*TASK OBJECTIVE*. Leave out the pictures and output exactly the lines below from the one with "A rectangular wall" down to the one with "Simple and elegant", both of them included.

*AVAILABLE DATA*.
====

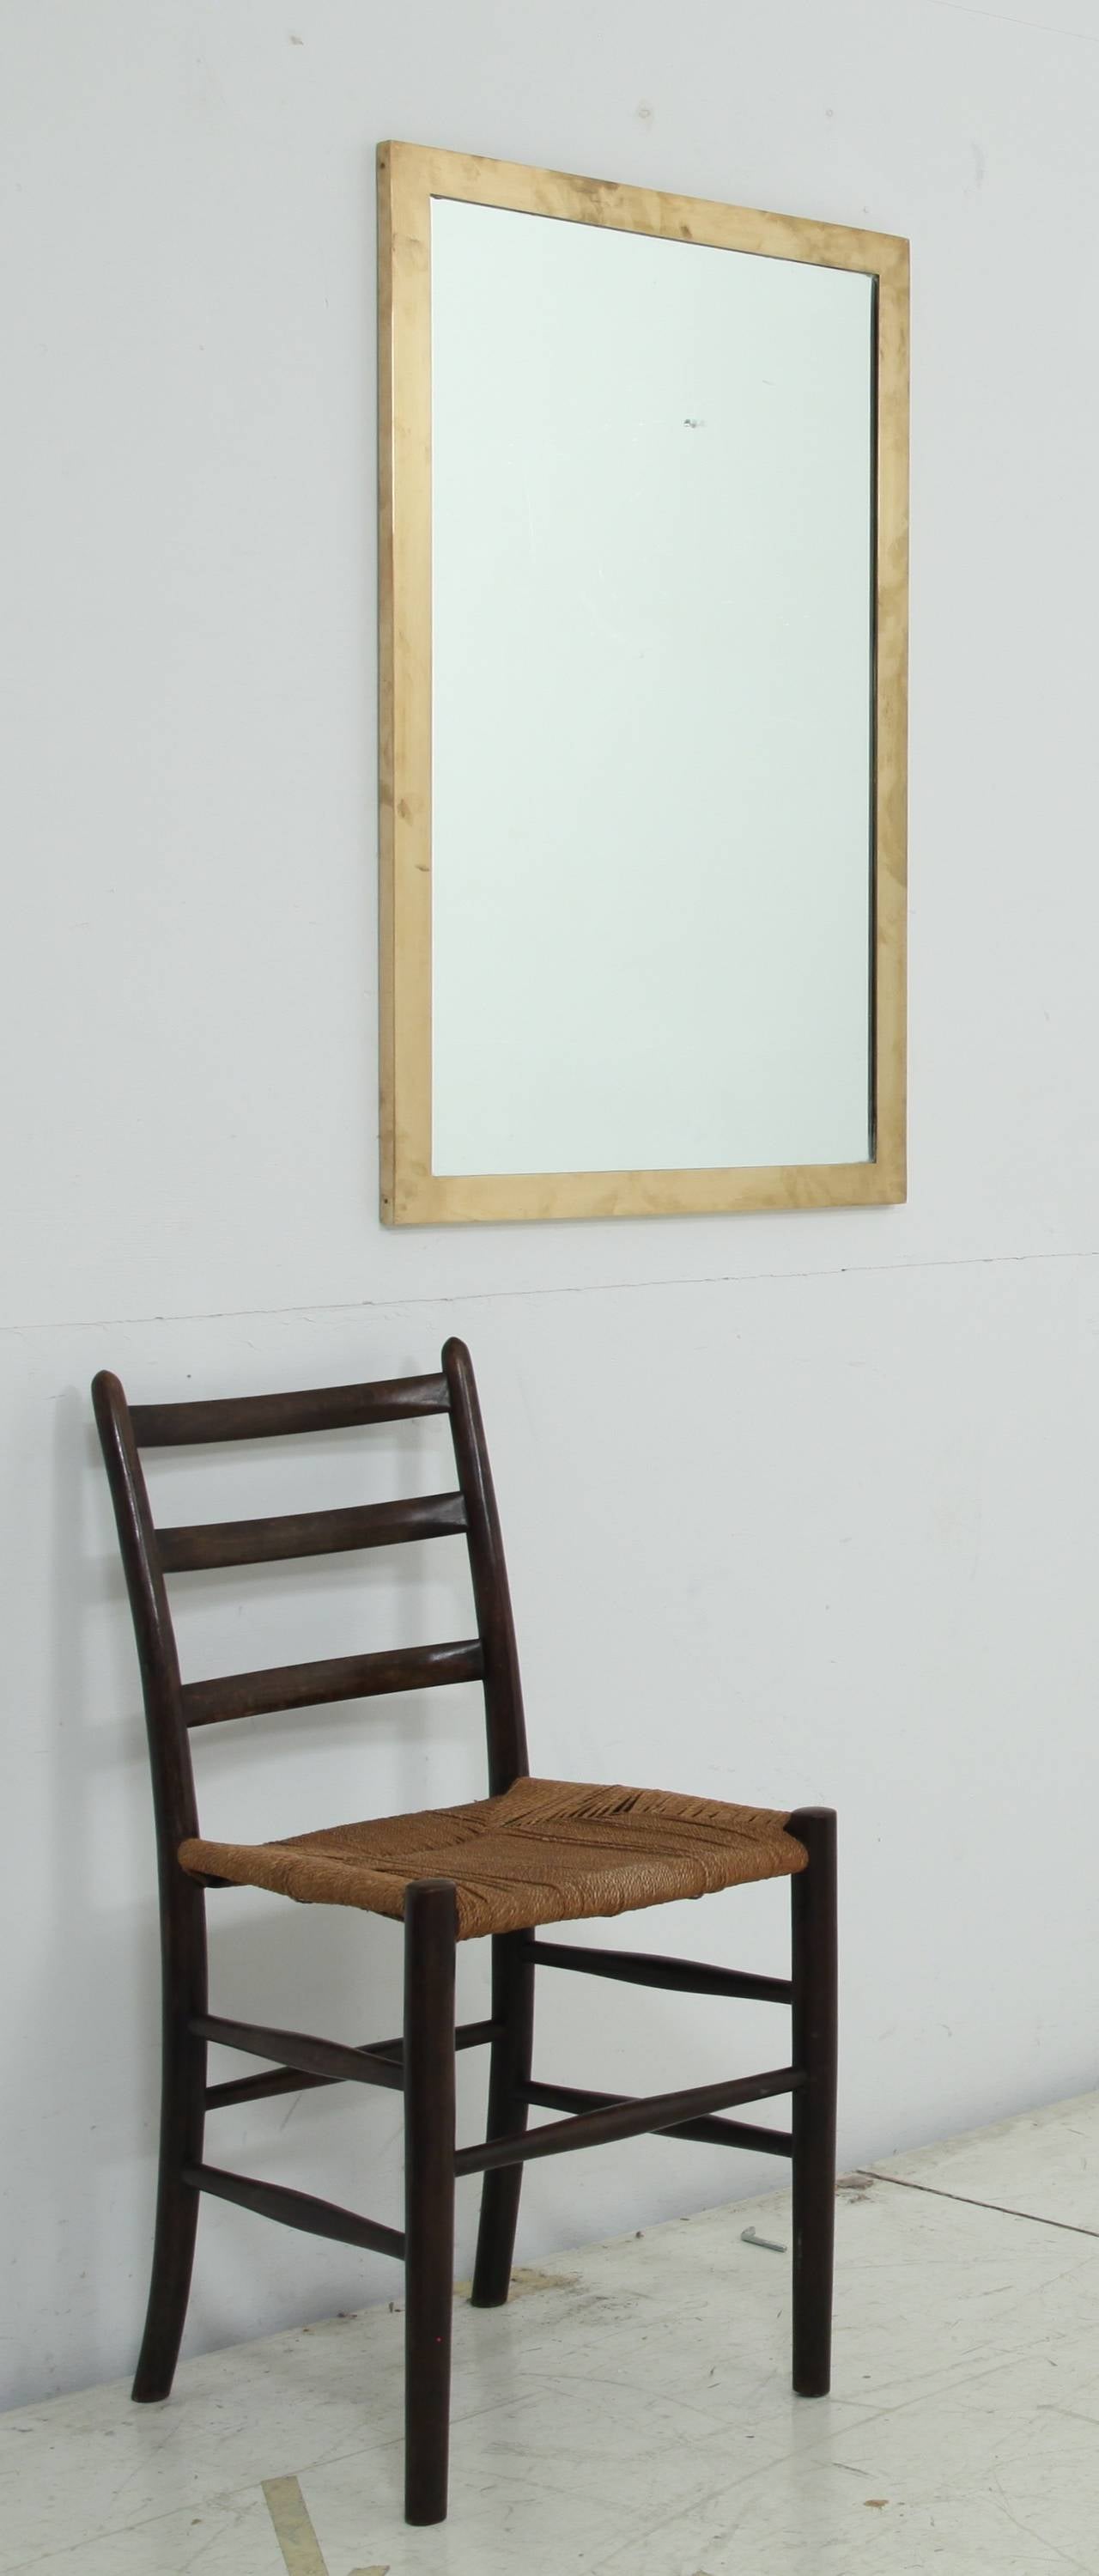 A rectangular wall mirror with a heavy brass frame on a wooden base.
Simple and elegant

====

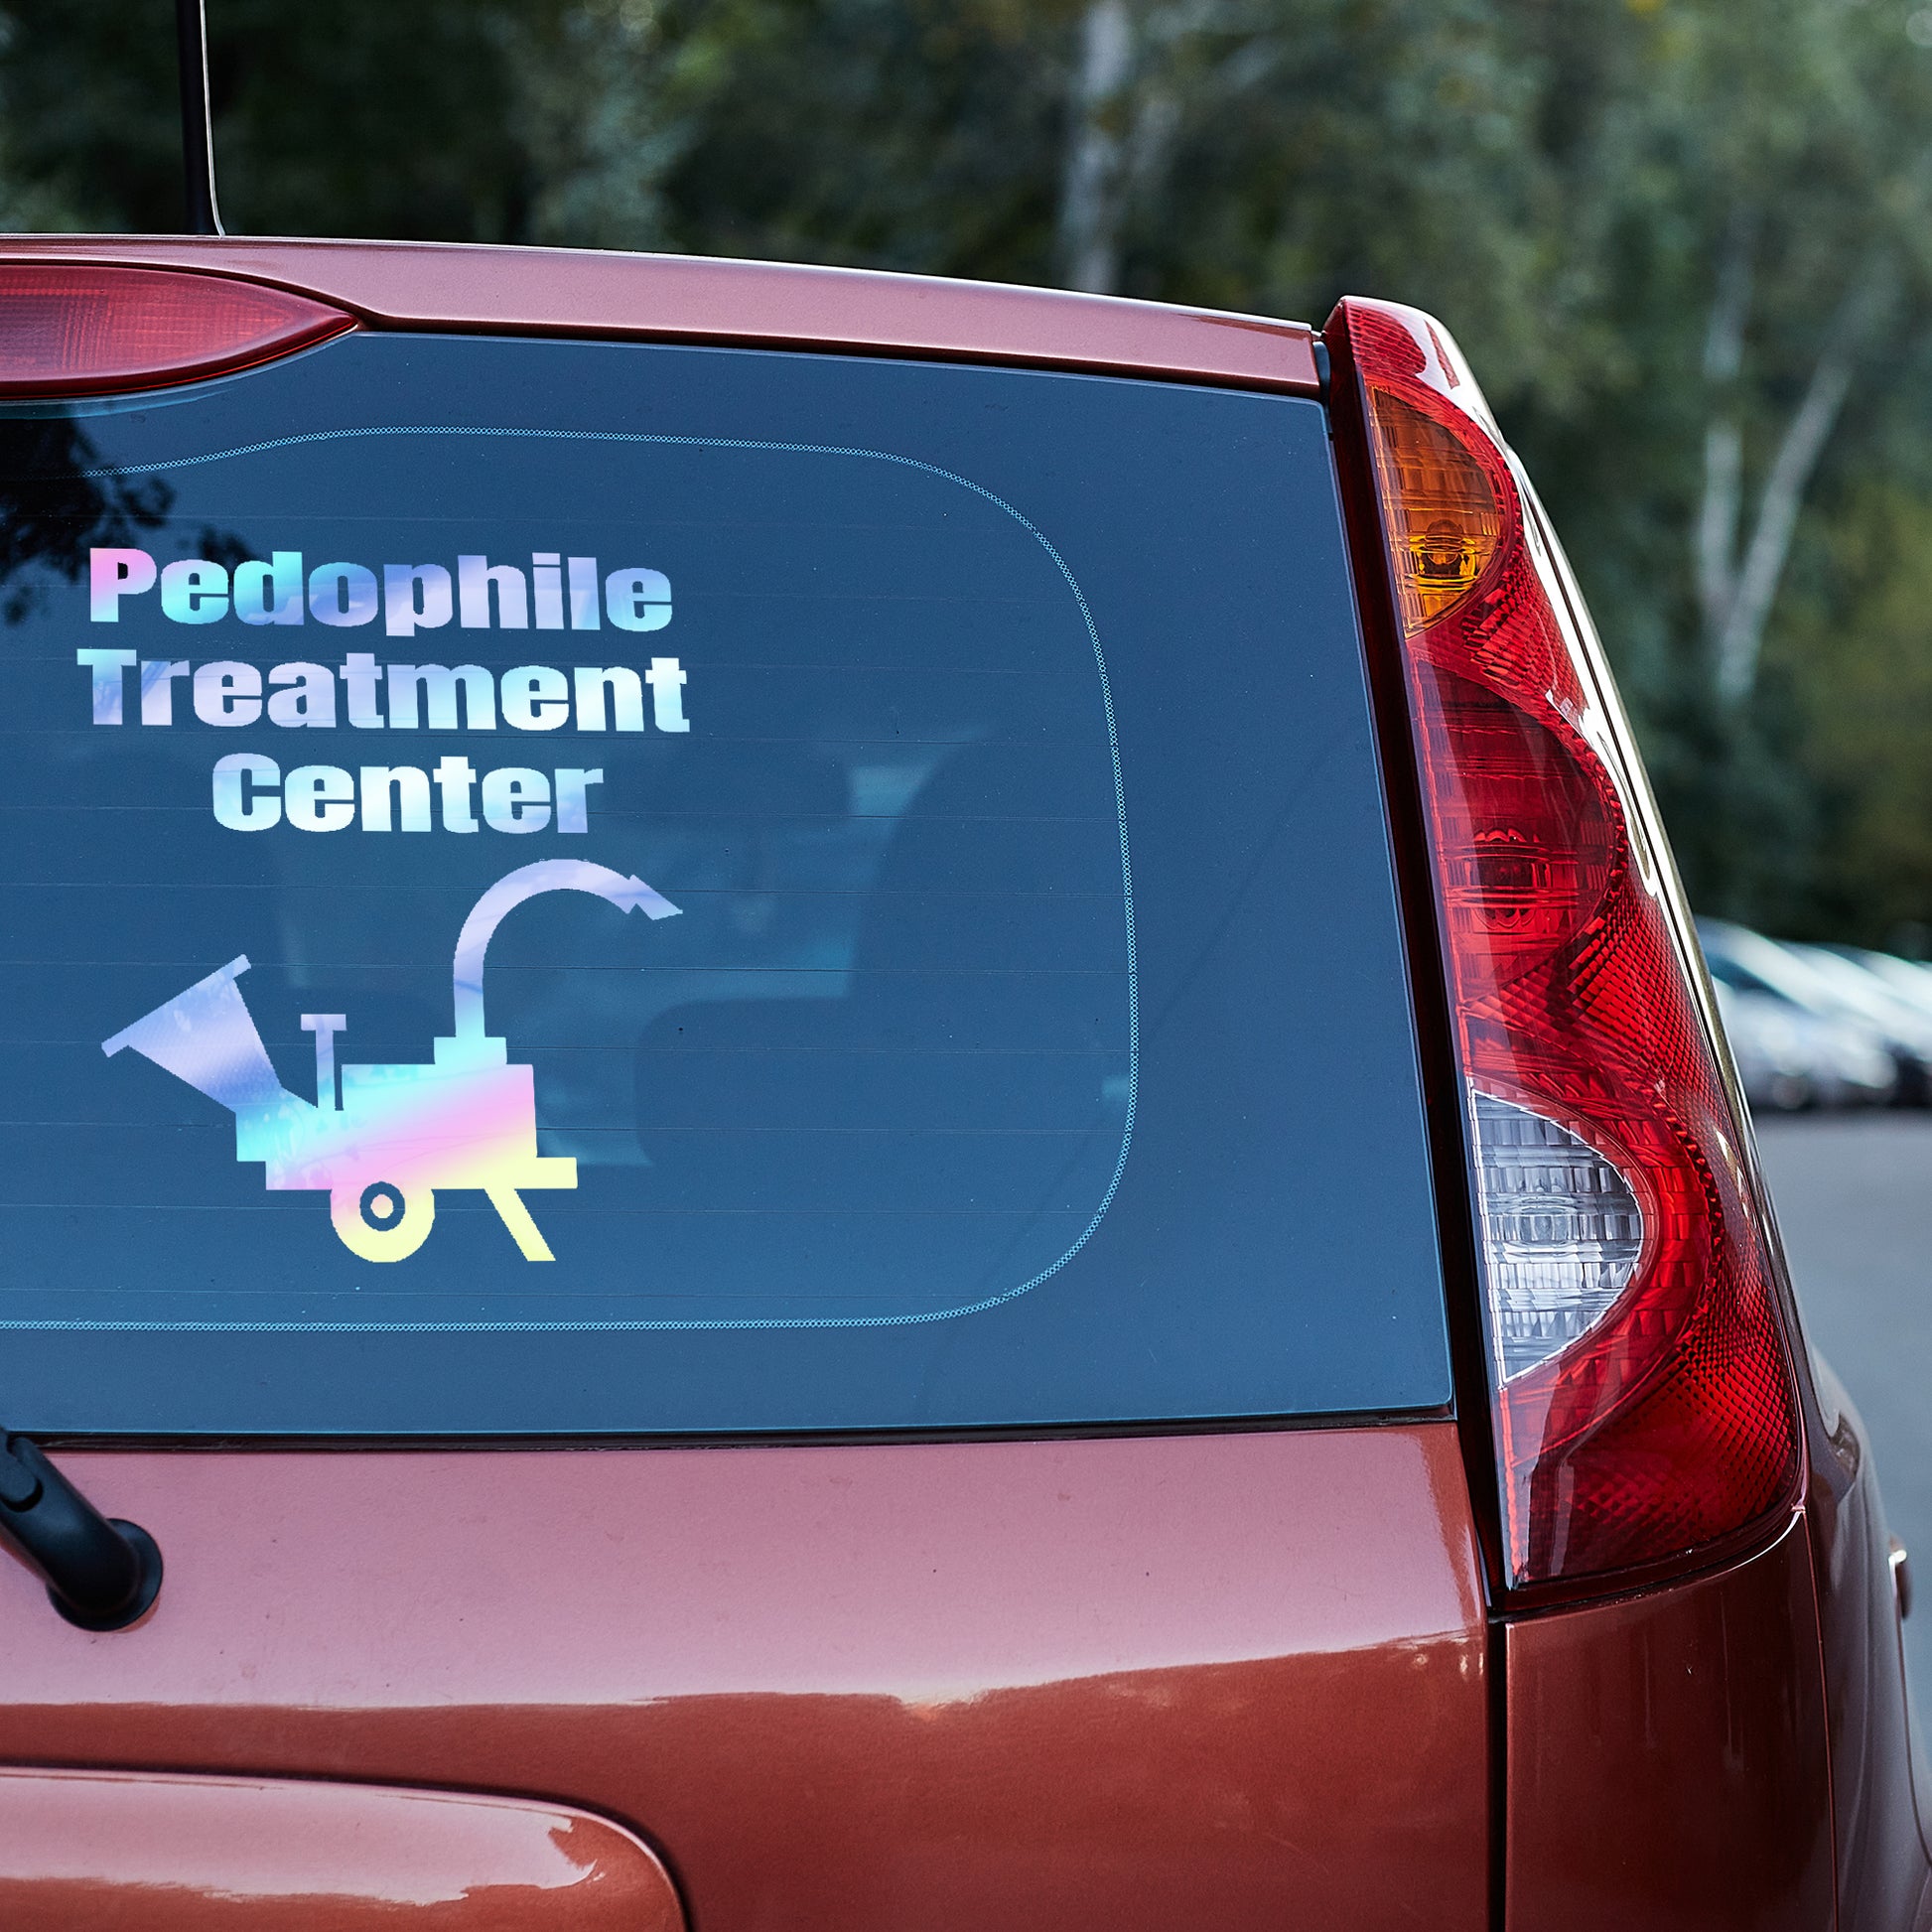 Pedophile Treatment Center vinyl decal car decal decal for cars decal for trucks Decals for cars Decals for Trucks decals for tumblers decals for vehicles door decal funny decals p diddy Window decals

====

*REPLY TO THE EXERCISE*.
 A rectangular wall mirror with a heavy brass frame on a wooden base.
Simple and elegant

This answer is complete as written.